Tax Court sided with IRS. The Tax Court concluded that Robinson's acquisition of the right to use the Pyrex and Oneida trademarks was part of its production process, and that the royalties paid to Corning and Oneida directly benefited its production activities and/or were incurred by reason of its producing the trademarked kitchen tools. The license agreements gave Robinson the right to manufacture the Pyrex- and Oneida-branded kitchen tools, without which it couldn't have legally manufactured them, and the royalties were thus indirect costs properly allocable to the Pyrex- and Oneida-branded kitchen tools that Robinson produced. In so holding, it rejected Robinson's argument that the royalties paid to Corning and Oneida were deductible marketing expenses that were exempt from the capitalization rules. (Robinson Knife Manufacturing Co., Inc., TC Memo 2009-9)
Second Circuit reversed. On appeal, the Second Circuit found that the Tax Court's reasoning confused the license agreements with the royalty costs. It determined that Robinson's royalties were not “incurred by reason of,” and didn't directly benefit, its production activities. Looking to the plain text of Reg. §1.263A-1(e)(3)(i), the Court found that it is the actual costs of producing and developing an item, and not the contracts pursuant to which those costs are paid, that are subject to the capitalization requirement. The Second Circuit stressed that Robinson's royalties were sales-based—calculated as a percentage of net sales of kitchen tools and incurred only upon the sale of those kitchen tools—and as such were immediately deductible. (Robinson Knife Manufacturing Co. & Subs. v.

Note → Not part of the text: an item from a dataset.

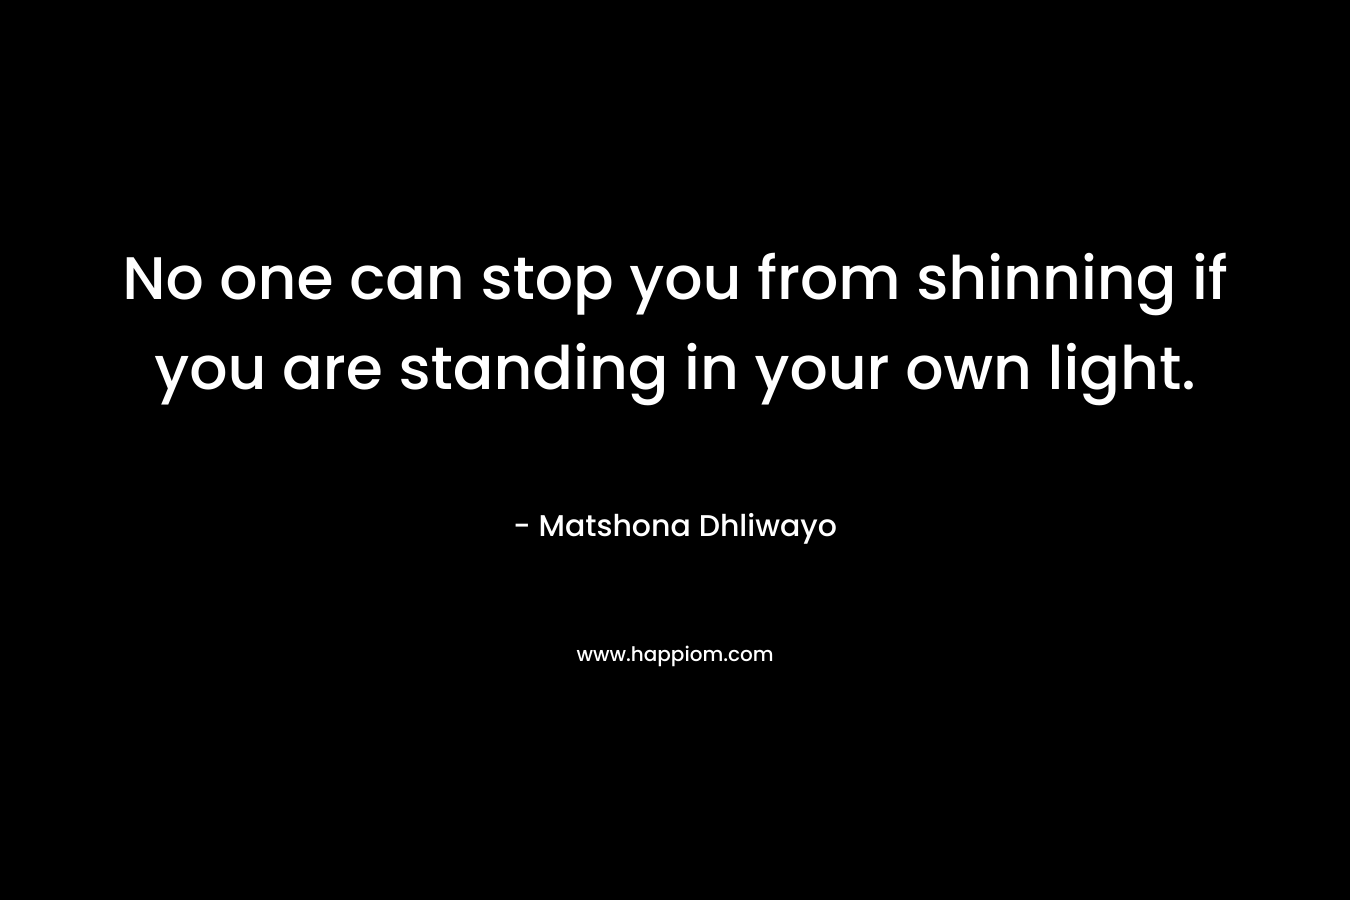 No one can stop you from shinning if you are standing in your own light.

Comm., (CA 2 3/19/2010) 105 AFTR 2d 2010-1467)
Issuance of proposed regs. On Dec. 17, 2010, in response to the Second Circuit's decision, IRS issued proposed regs stating that sales-based royalties are production costs required to be capitalized under Code Sec. 263A and allocated to inventory sold during the taxable year. (Prop Reg §1.263A-1(c)(5)) IRS stated that the Second Circuit “misconstrued the nature of costs required to be capitalized,” noting that the fact that the amount of sales-based royalties is determined by reference to the number of units sold affects only the timing of when that amount is incurred, but does not change an otherwise capitalizable production cost into a non-capitalizable cost. The proposed regs further clarified that an indirect cost may directly benefit, or be incurred by reason of, the performance of production or resale activities, even if the costs are incurred only upon the sale of inventory. (Prop Reg §1.263A-1(e)(3)(i))

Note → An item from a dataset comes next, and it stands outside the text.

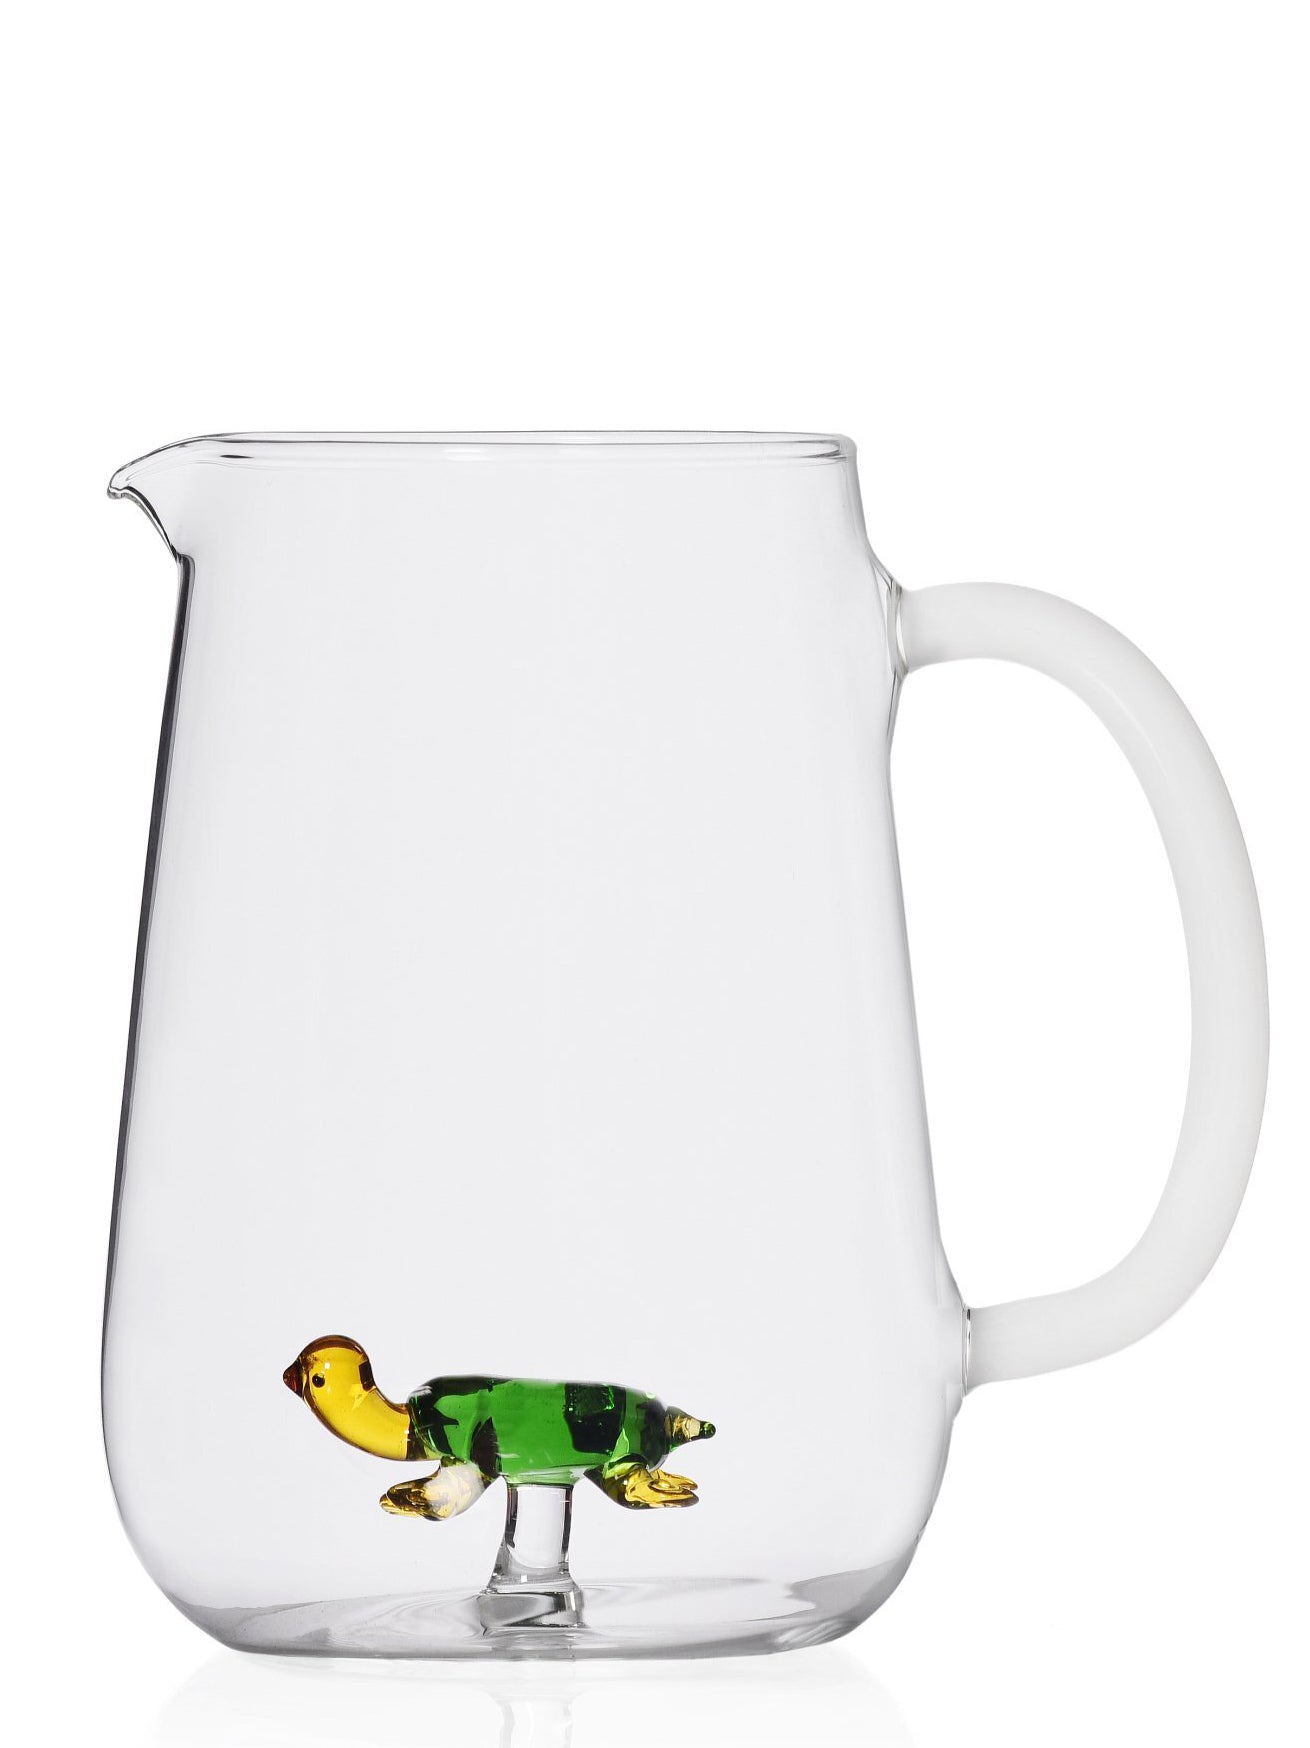 Green Turtle Pitcher, Animal Farm Collection

IRS nonacquiesces. In the AOD, IRS stated that it disagreed with the Second Circuit's reasoning and that it wouldn't follow the Courts holding, except in cases appealable to the Second Circuit (i.e., those in New York, Connecticut, and Vermont).It opined that the Second Circuit confused the timing with the purpose of the payments, reasoning that Robinson incurred the royalty expenses first to produce the trademarked items, then to sell them. In the end, IRS agreed with the Tax Court that Robinson incurred the royalty expenses “by reason of” its production activities, so the royalty payments were “production costs” under Reg. §1.263A-1(e)(3)(i) and not currently deductible expenses under Code Sec. 162.

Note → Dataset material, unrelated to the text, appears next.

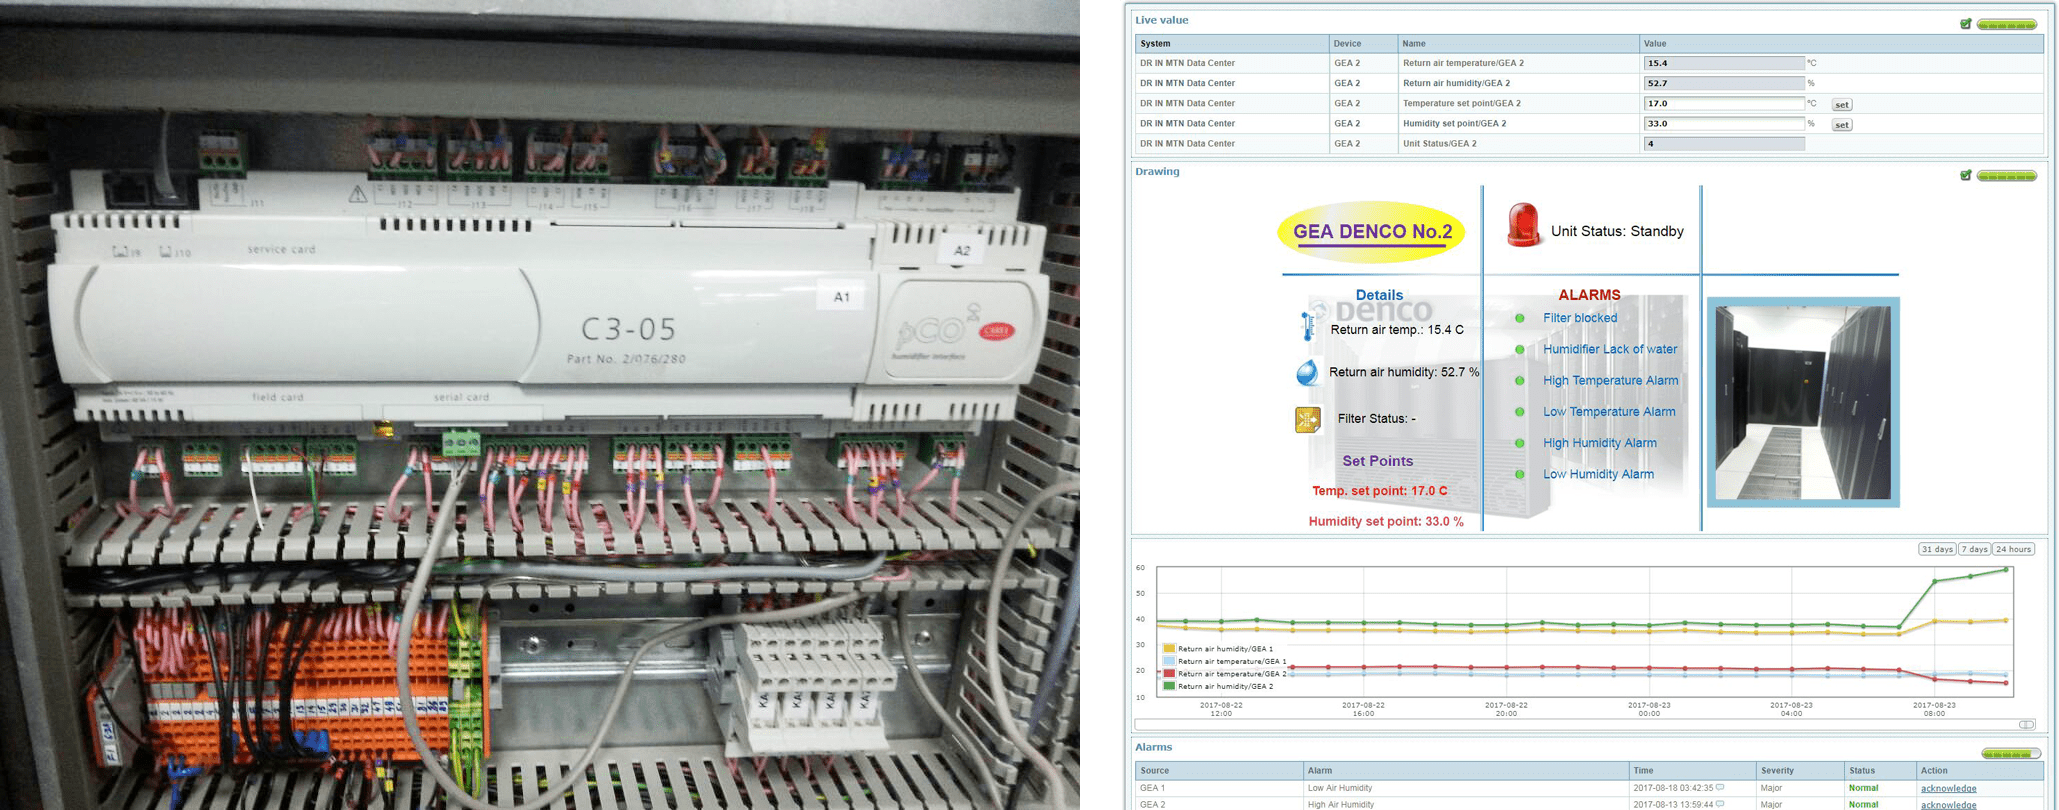 pC03 controller from Carel controls the operation of the AC units and is connected to a Netbiter gateway.

Observation: In Mayo Foundation for Medical Education and Research, et al. v. U.S. (S Ct 1/11/2011) 107 AFTR 2d 2011-341, the Supreme Court stated that interpretive IRS regs are entitled to heightened Chevron deference. Thus, the outcome of this issue might be resolved upon finalization of the proposed regs.
References: For the uniform capitalization rules, see FTC 2d/FIN ¶G-5450; United States Tax Reporter ¶263A4; TaxDesk ¶456,000; TG ¶16100.